Task: Reproduce the full listing as it stands. Images do not belong in the copy.

Dataset excerpt:

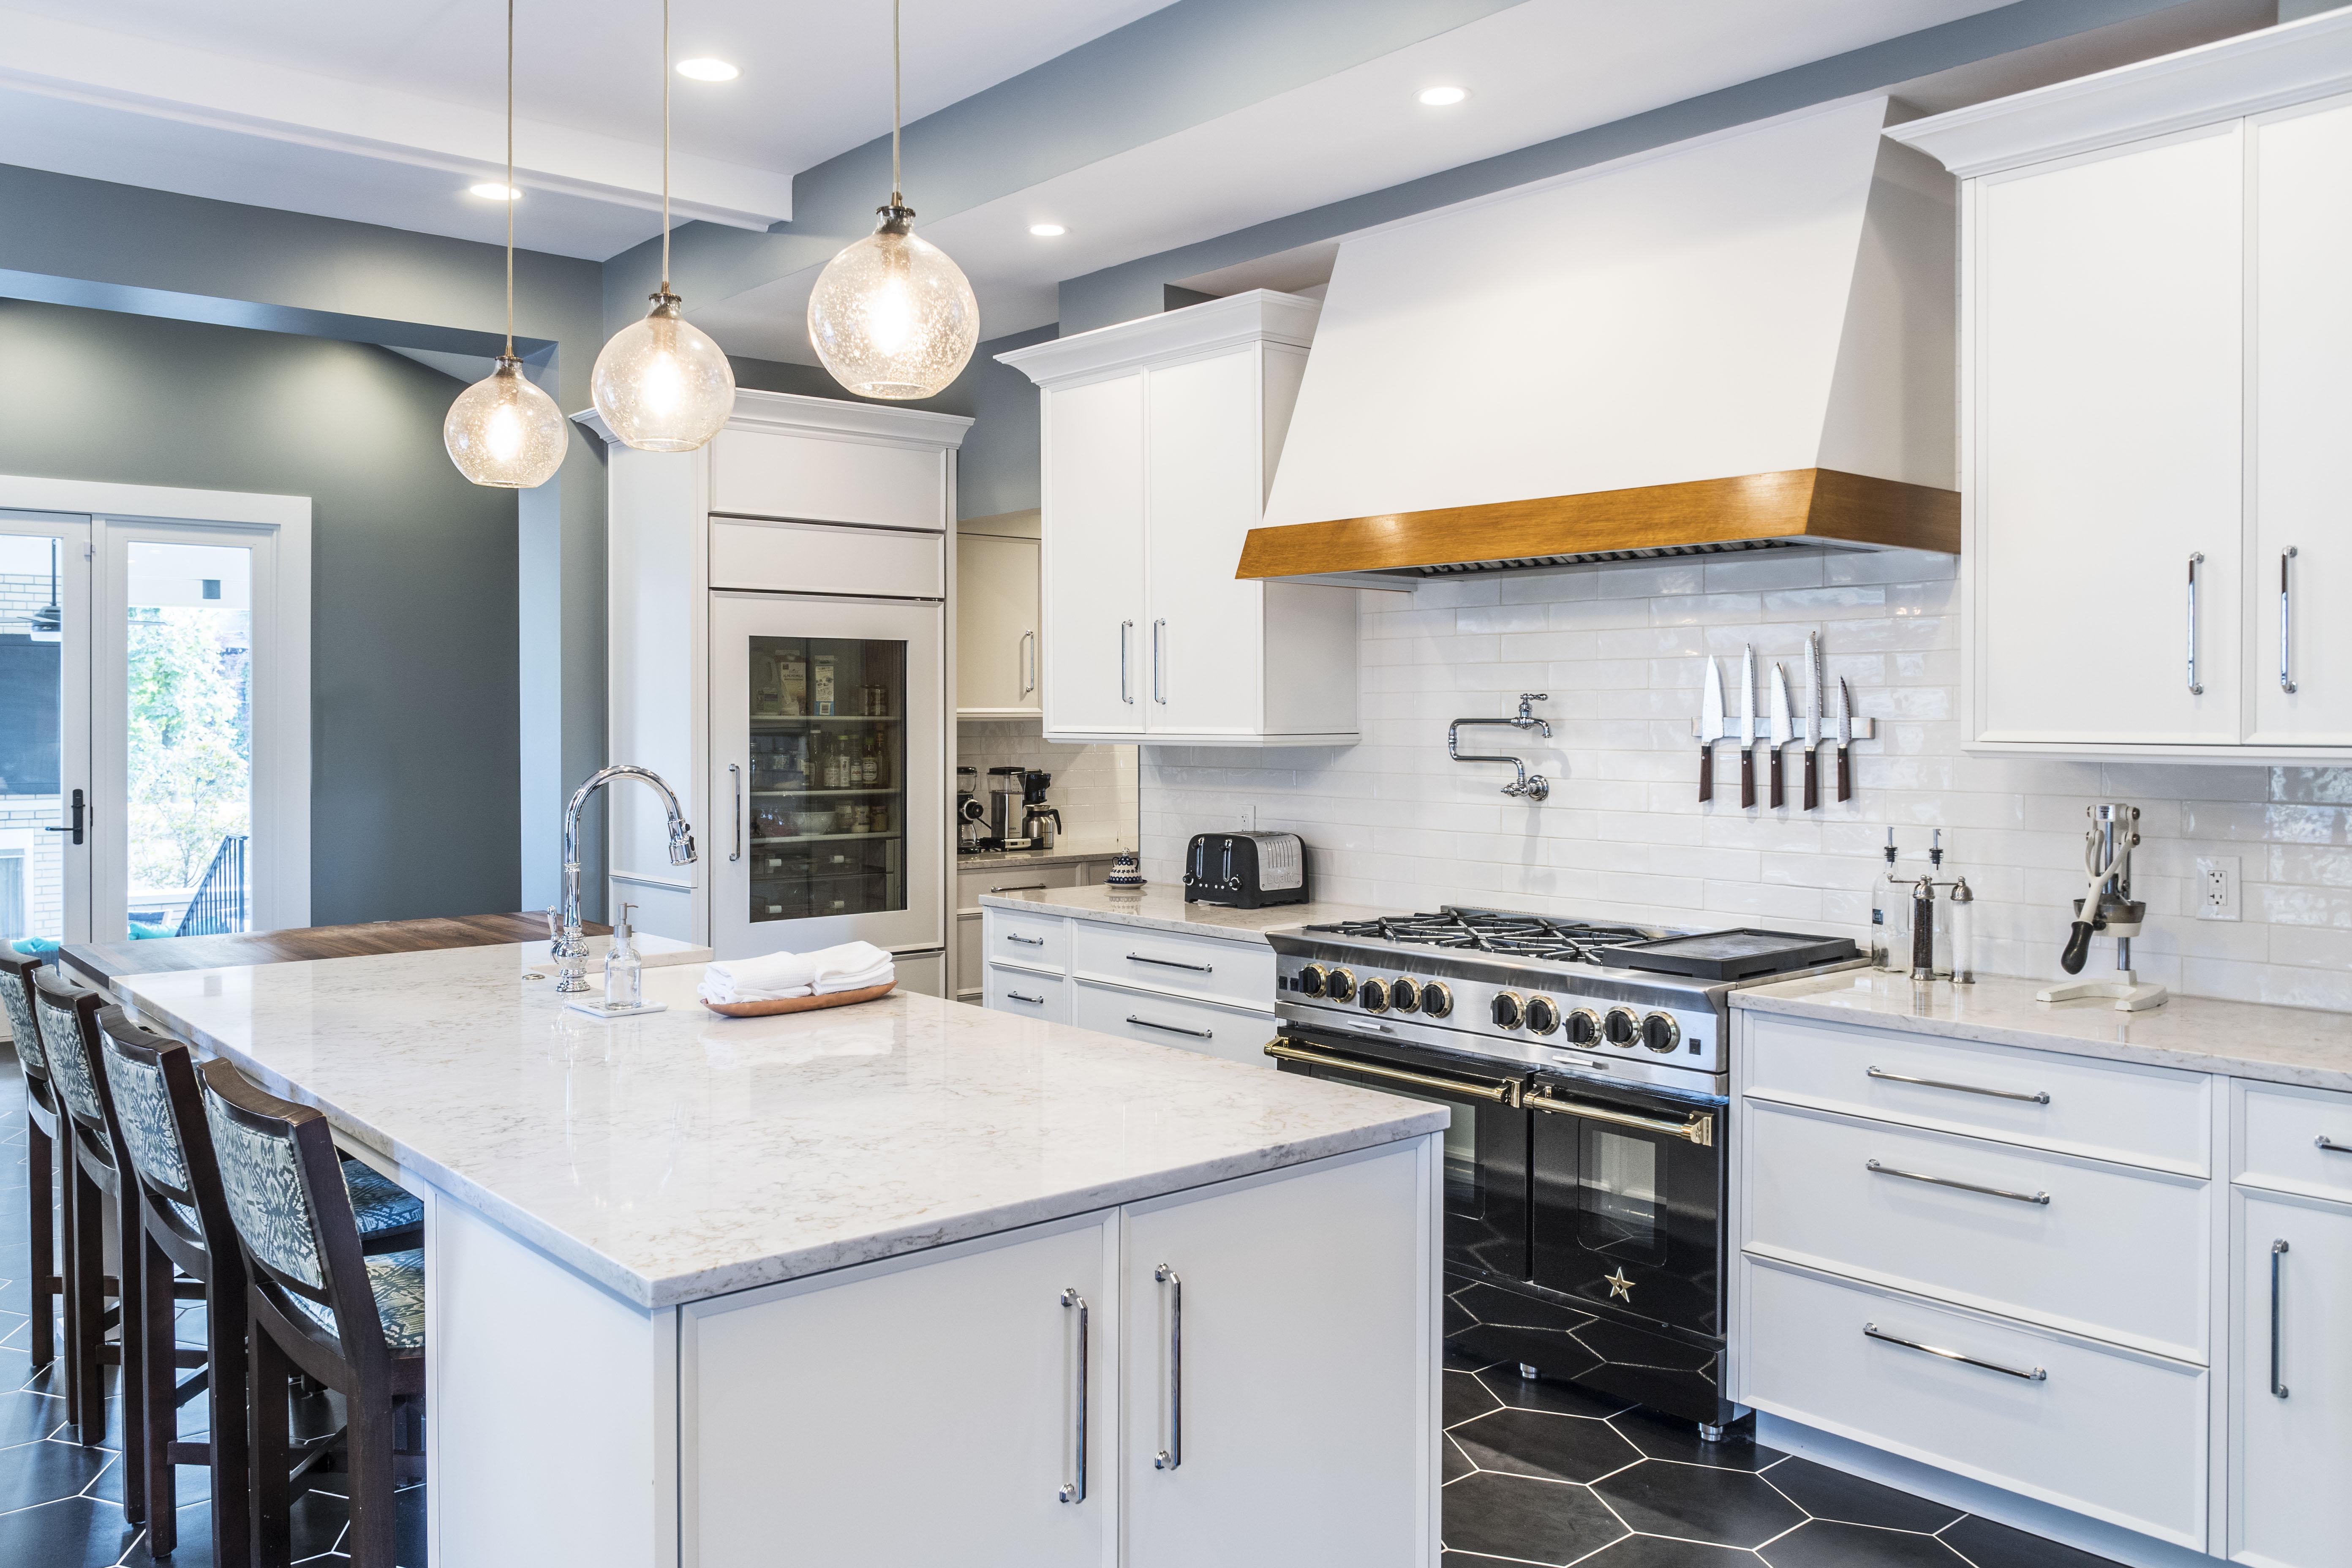 203 - Rob Klein + Amy Kreutz: Kitchen Design Off - The Chaise Lounge ...
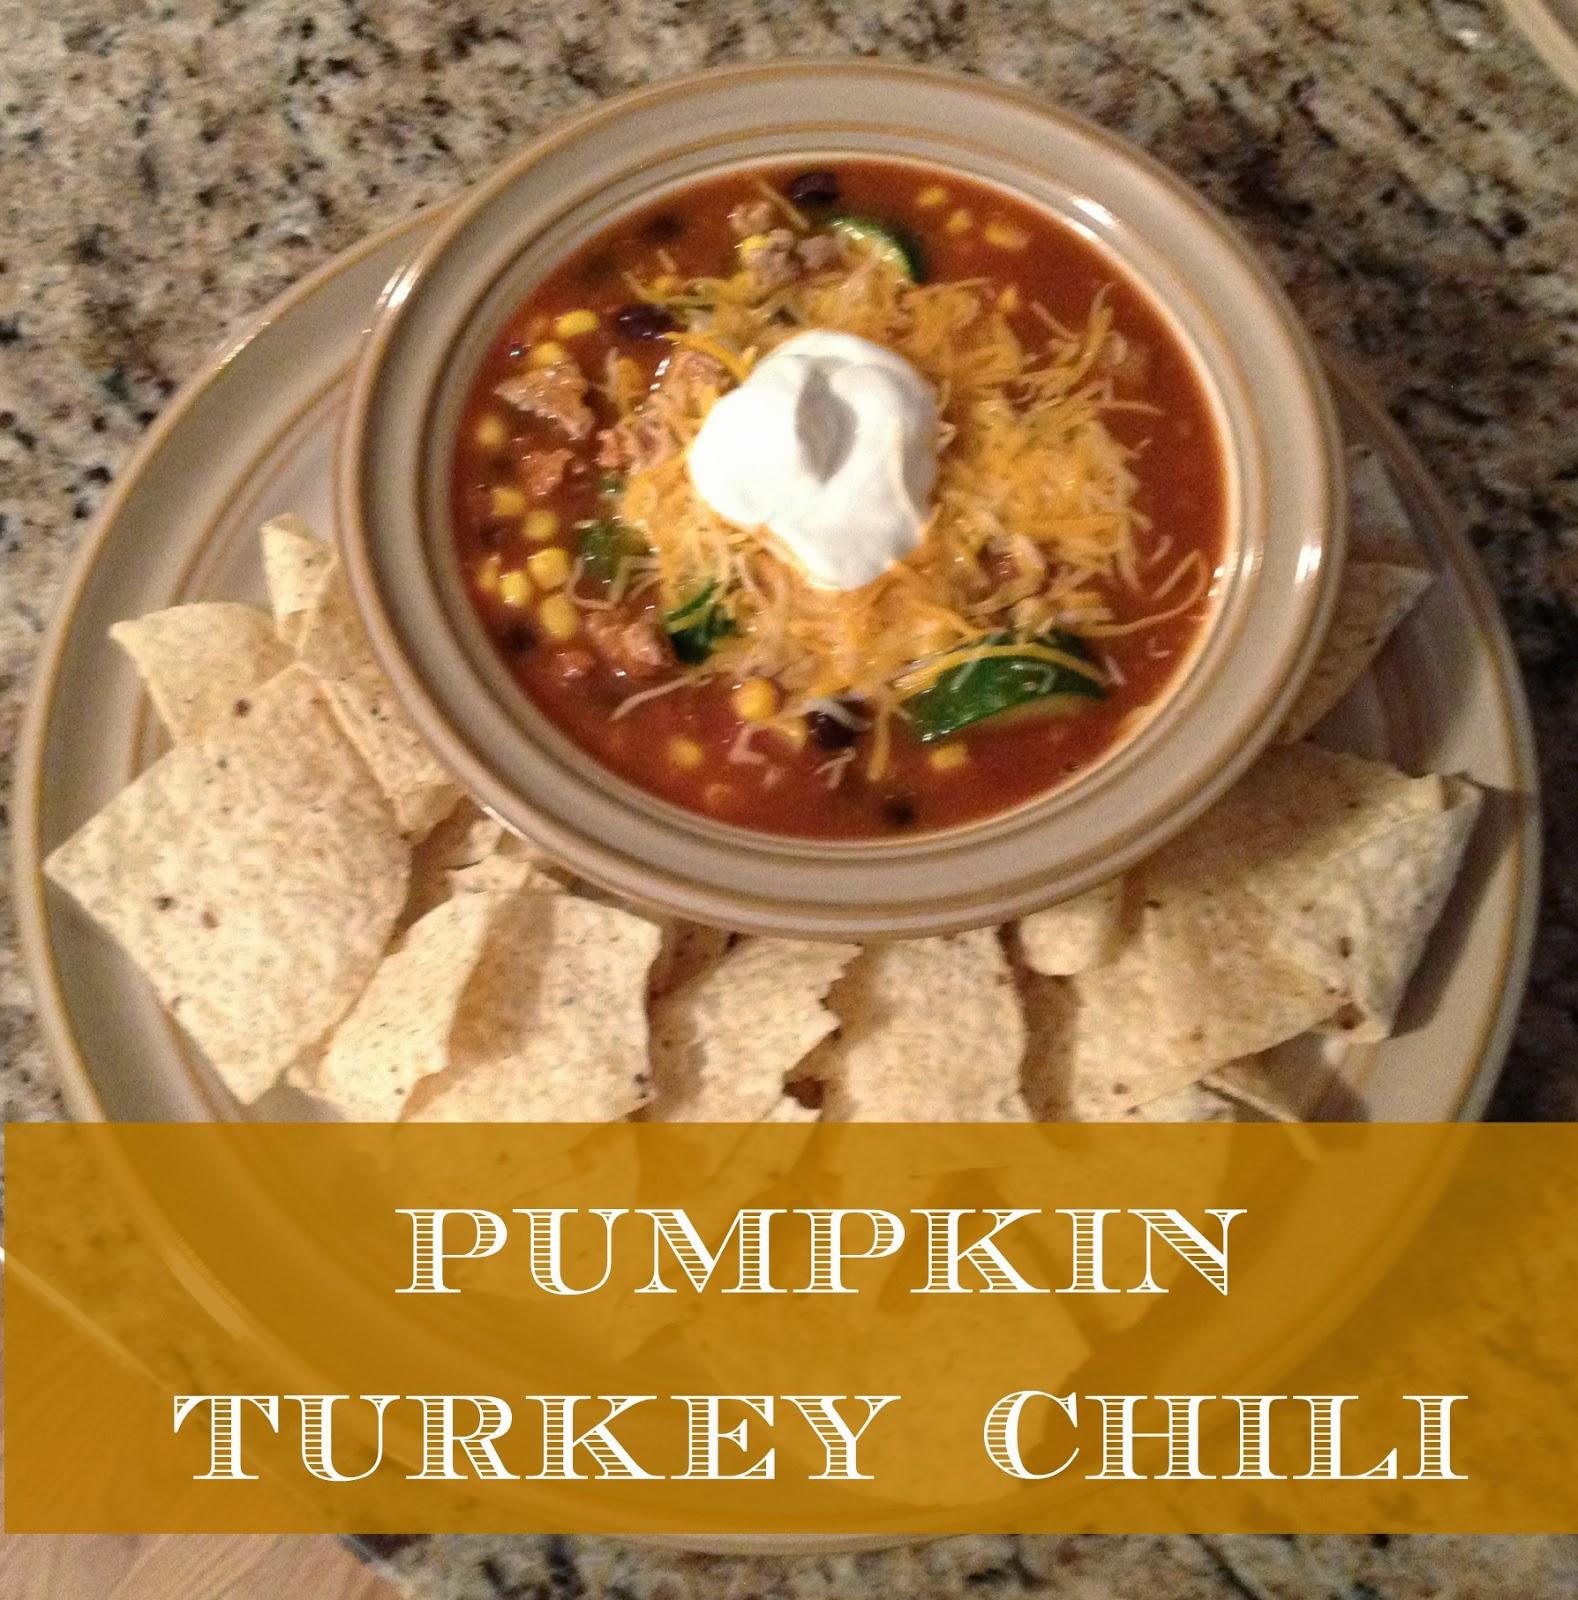 With a Faithful Heart: Pumpkin Turkey Chili
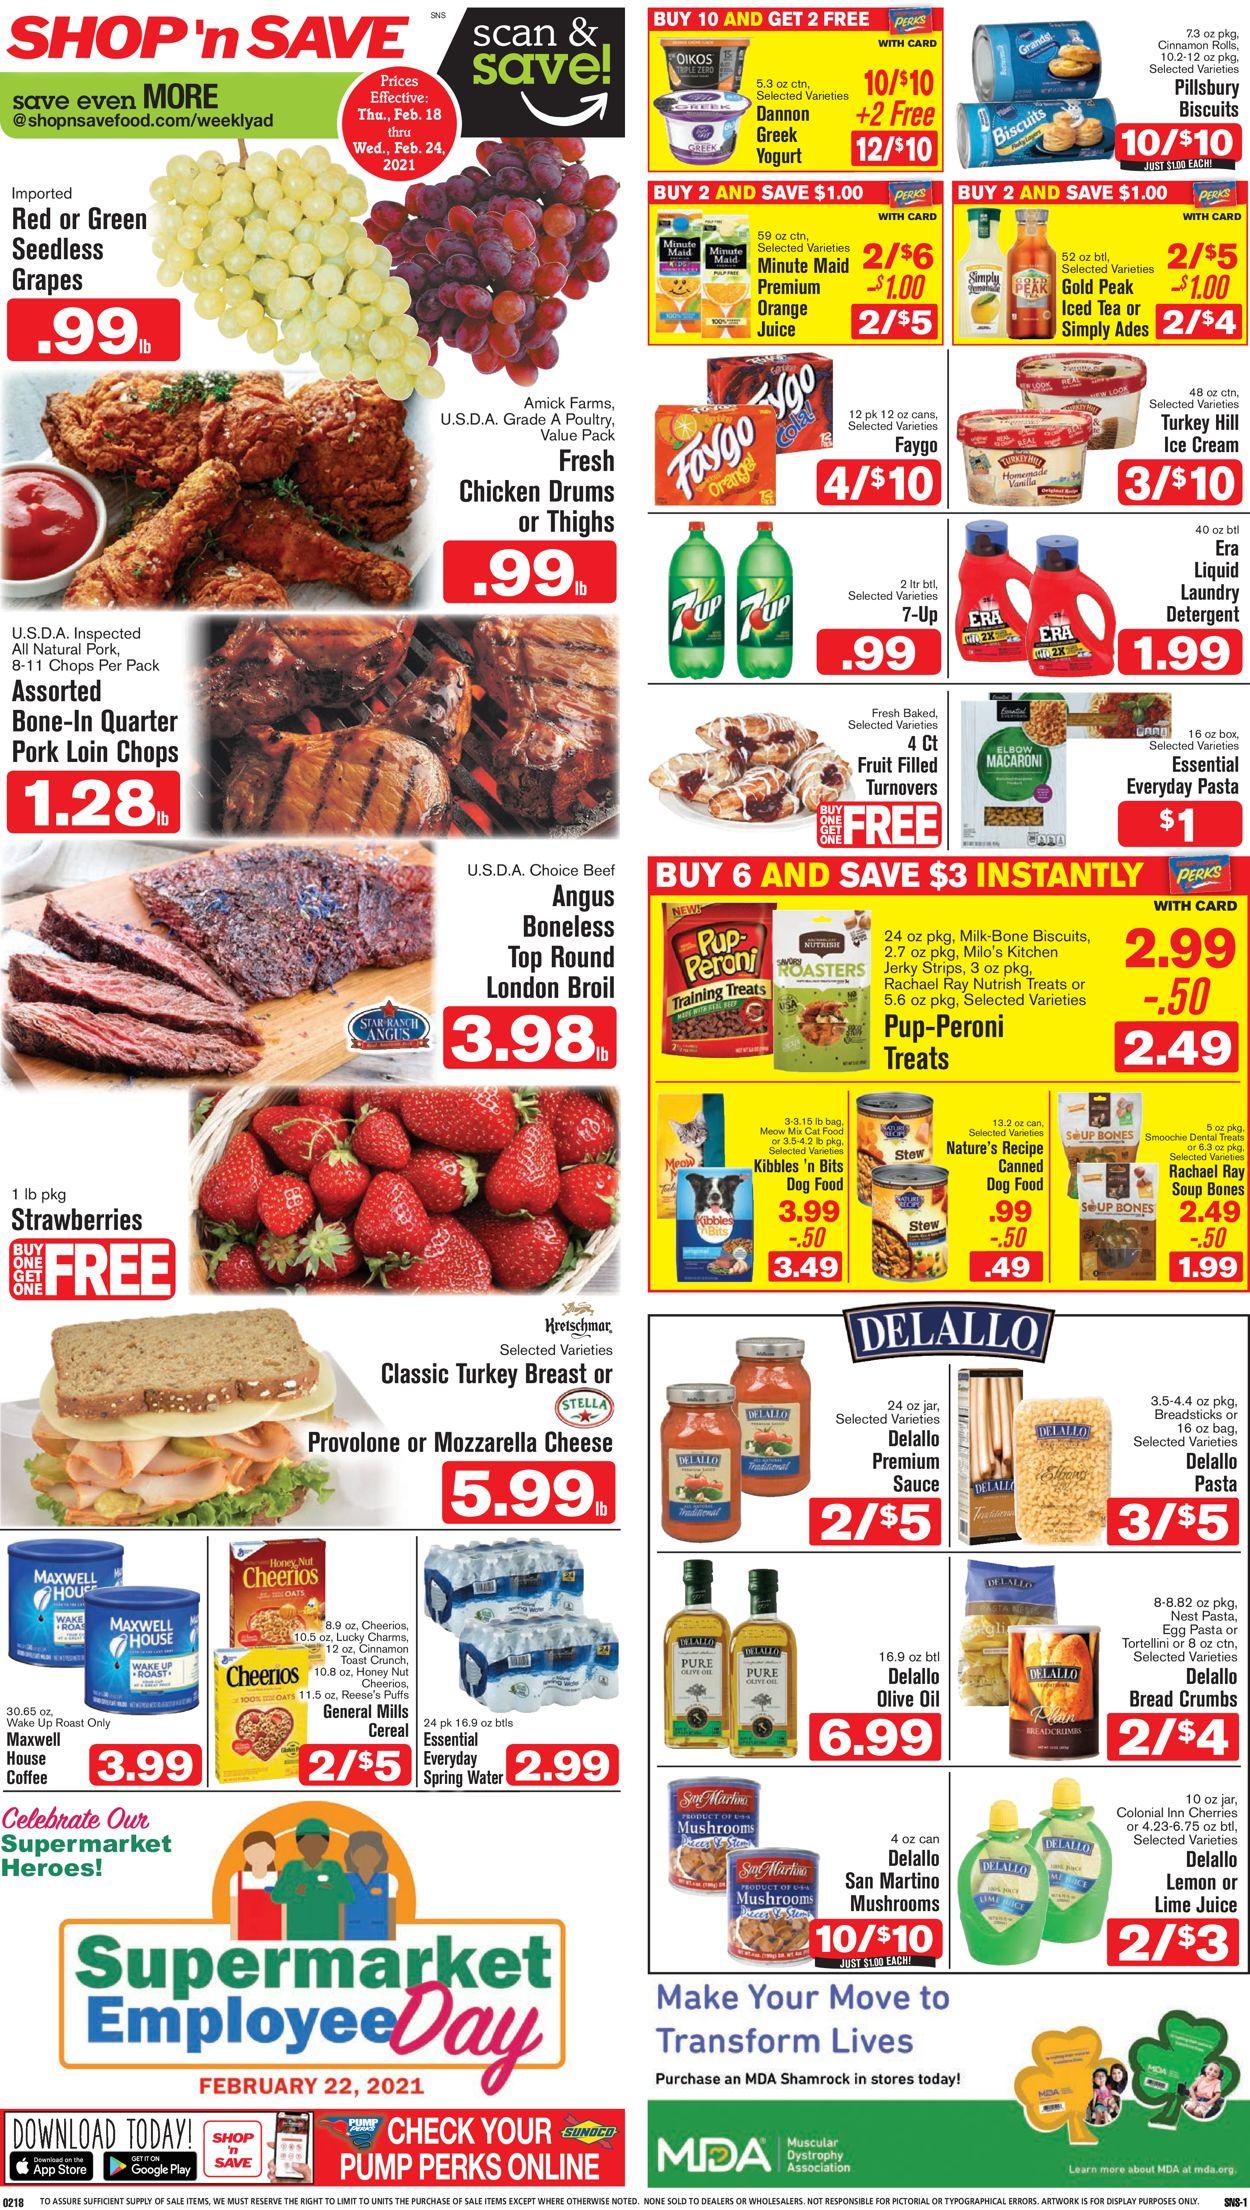 Shop 'n Save (Pittsburgh) Weekly Ad Circular - valid 02/18-02/24/2021

Exercise solution:
 203 - Rob Klein + Amy Kreutz: Kitchen Design Off - The Chaise Lounge ...
 With a Faithful Heart: Pumpkin Turkey Chili
 Shop 'n Save (Pittsburgh) Weekly Ad Circular - valid 02/18-02/24/2021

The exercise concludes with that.